Of course it is not as good as DVD quality, but you must take into account the quality of the source material too.
Any entry submitted to me on DVD or VCD or SVCD will not be converted to computer and then to video tape. It will be played by a DVD/VCD player then recorded directly onto videotape. The videotape will be complied from all entries and then played in public display.
ToddMay 27, 2003 at 2:08 pm #3733
“Yolegoman” wrote: A monitor is MUCH worse in display quality as compared to any Good Tv, my 640 x 480 footage from my Logitech 4000 looks GREAT on my 21 inch tv. (Fullscreen!)
What on Earth are you talking about. Any computer monitor manufactured, sold, bought, or hooked up to a computer today, has far better resolution than any television. Maybe your 15 inch monochrome CRT sucks, but even my 1996 monitor from archer has better resolution than any TV in my home.
Looking “big” is not a measure of quality. Just because your 640×480 footage looks good on your TV and comes in real small on you computer monitor, that is not a measure of quality.
Computer monitors today exceed the 1280 by 1024 resolution and the best non-digital TV on the market today has 525 by 325 resolution. Some of that TV resolution is cut off and not shown on your TV. Its called the non-safe area of you TV. Different manufacturers cut more of that portion off. If anything your 640 by 480 pixel video image should be compressed and crunched by hardware to fit on the TV screen. Have you ever noticed something that you see on the edges on the computer display of your film that is not present on the TV. That’s the stuff you losing by displaying things on TV.
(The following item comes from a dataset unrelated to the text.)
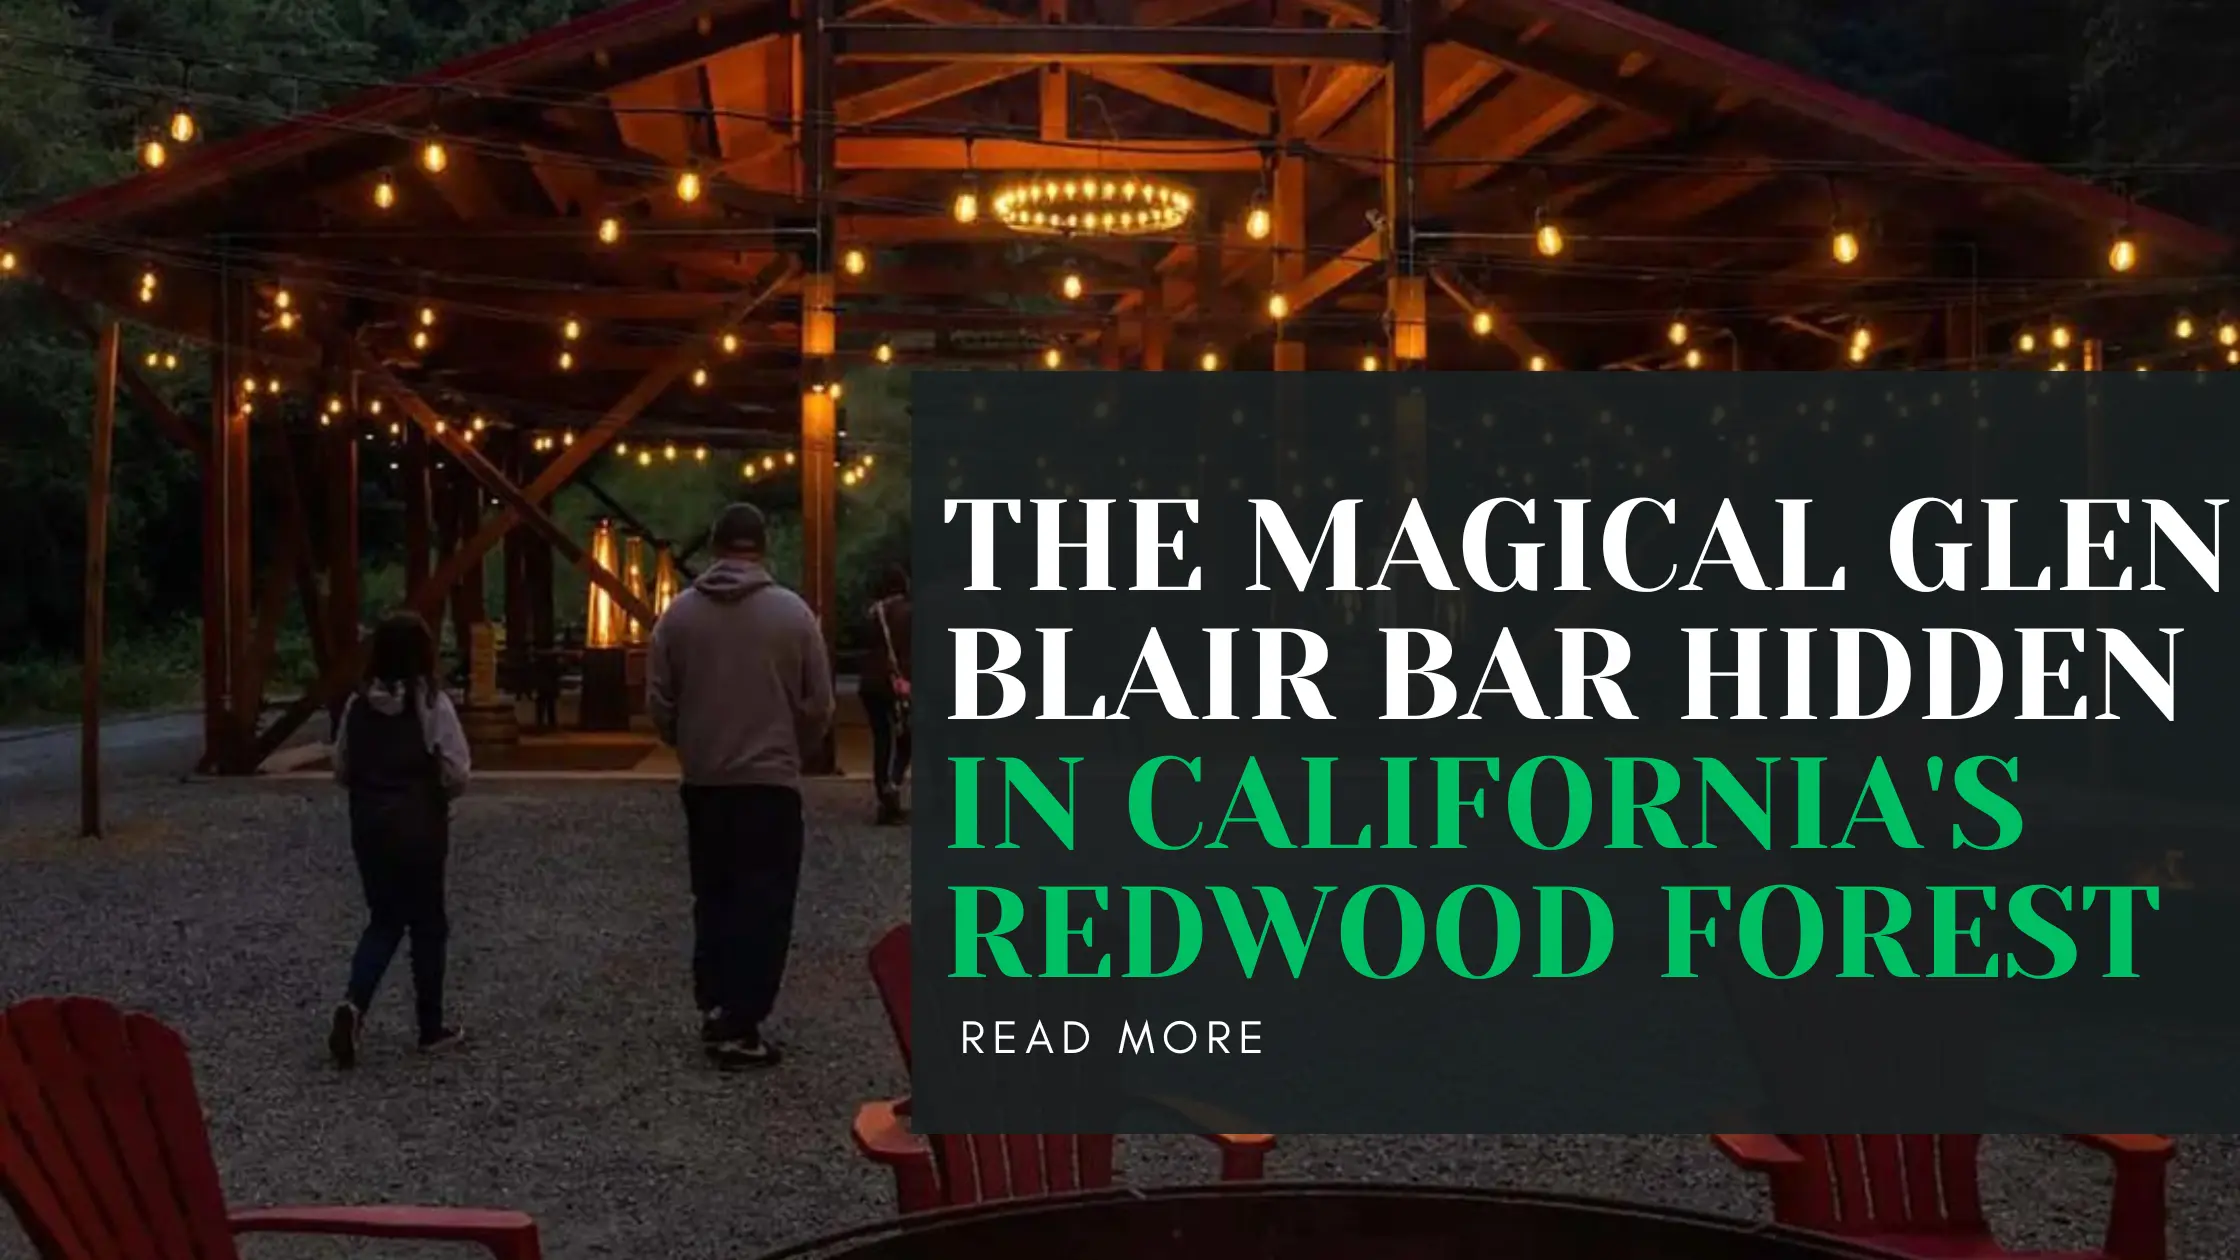 The Magical Glen Blair Bar Hidden in California's Redwood Forest
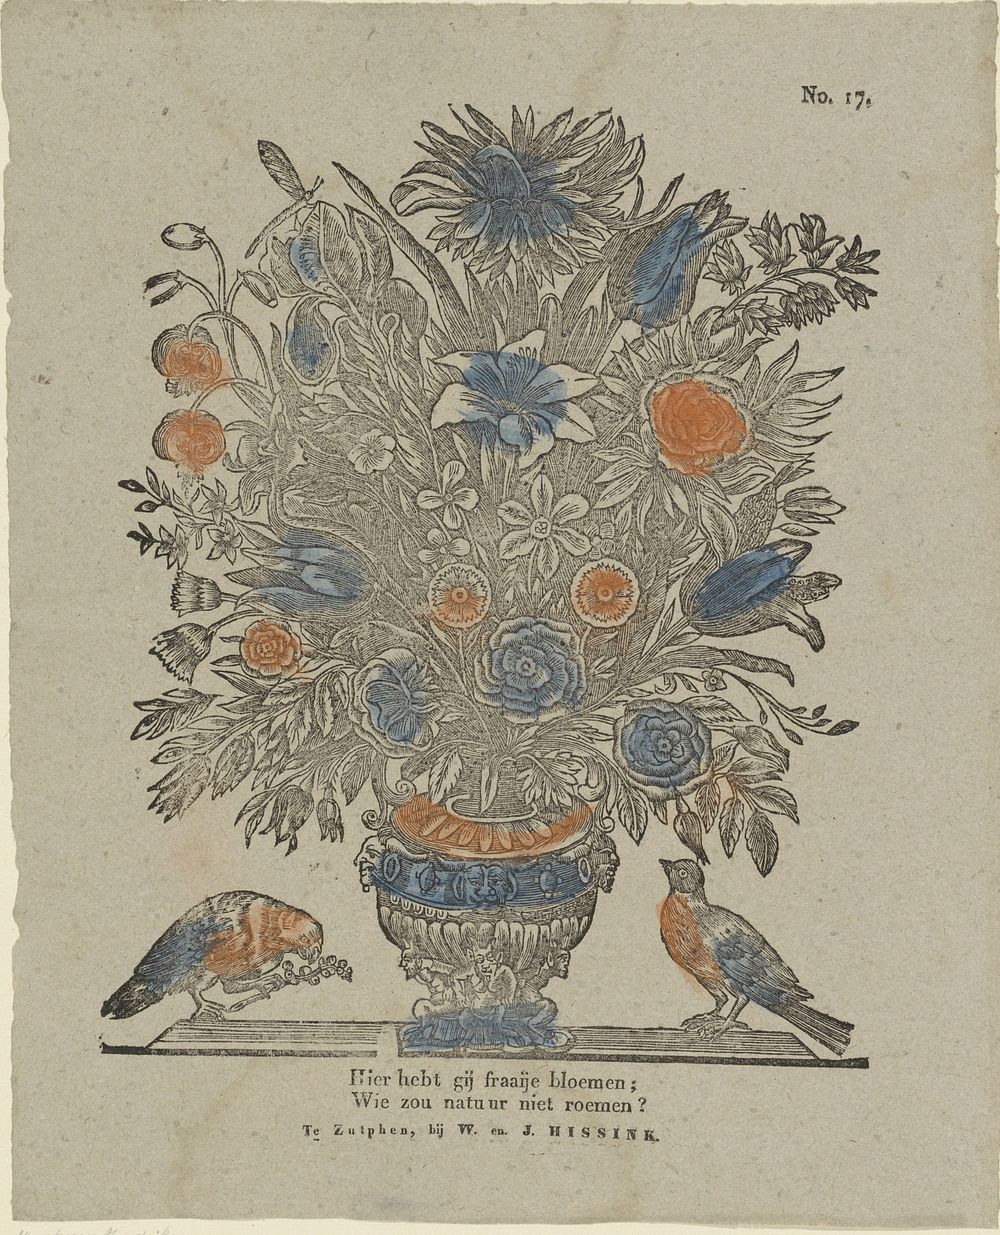 Hier hebt gij fraaije bloemen; / Wie zou natuur niet roemen? (1832 - 1850) by W  and J Hissink, Theodorus Johannes Wijnhoven…

I can’t wait for the days of true digital TV when my TV can be used just like a computer monitor and the pixels I see on my computer are the pixels I see on the TV.
There is a ton of information out there about the differences between computer monitors and TV screens.
Check them out.May 27, 2003 at 2:11 pm #3734
“Yolegoman” wrote: Oh sorry guys, should have mentioned that I have a High Definition tv *Shrug* kinda forgot.
Wishing he could delete the above post, Yolegoman heads off to bed, crying over the fact that laptops cost so much
Okay, okay, I overreacted. Your high def TV (HDTV) is far better than any TV on the market, but it still has a resolution less than that of the better computer monitor. Your HDTV has 1080i or p is better. A 1600 by 1280 monitor would take that video resolution and ask for more.
I am jealous of you HDTV though. Do you get HDTV off satellite or are you one of the lucky few getting it from cable?
ToddMay 27, 2003 at 2:16 pm #3735
Hook your DVD player into your VCR input (if your VCR has one, mine has RCA inputs), and then simply record
That’s exactly what I did for the show I attended a while back and it works perfectly. Sadly, I can’t produce NTSC tapes, so I’d be very grateful if someone (preferably someone reliable – no offence to WeirdEars, et al) would volunteer for this.
What format can you make them in? Let me know and I will do some research around town to see if I can go from your format to NTSC. If I can and the cost is reasonable, I can take your format and convert it to mine.
The rules state any arrangement with the committee. I am the committee. Get with me and we will work something out. I simply do not want to get stuck at the deadline rushing around to find a means of converting after I allowed everything under the sun. By knowing what’s coming I can prepare for it.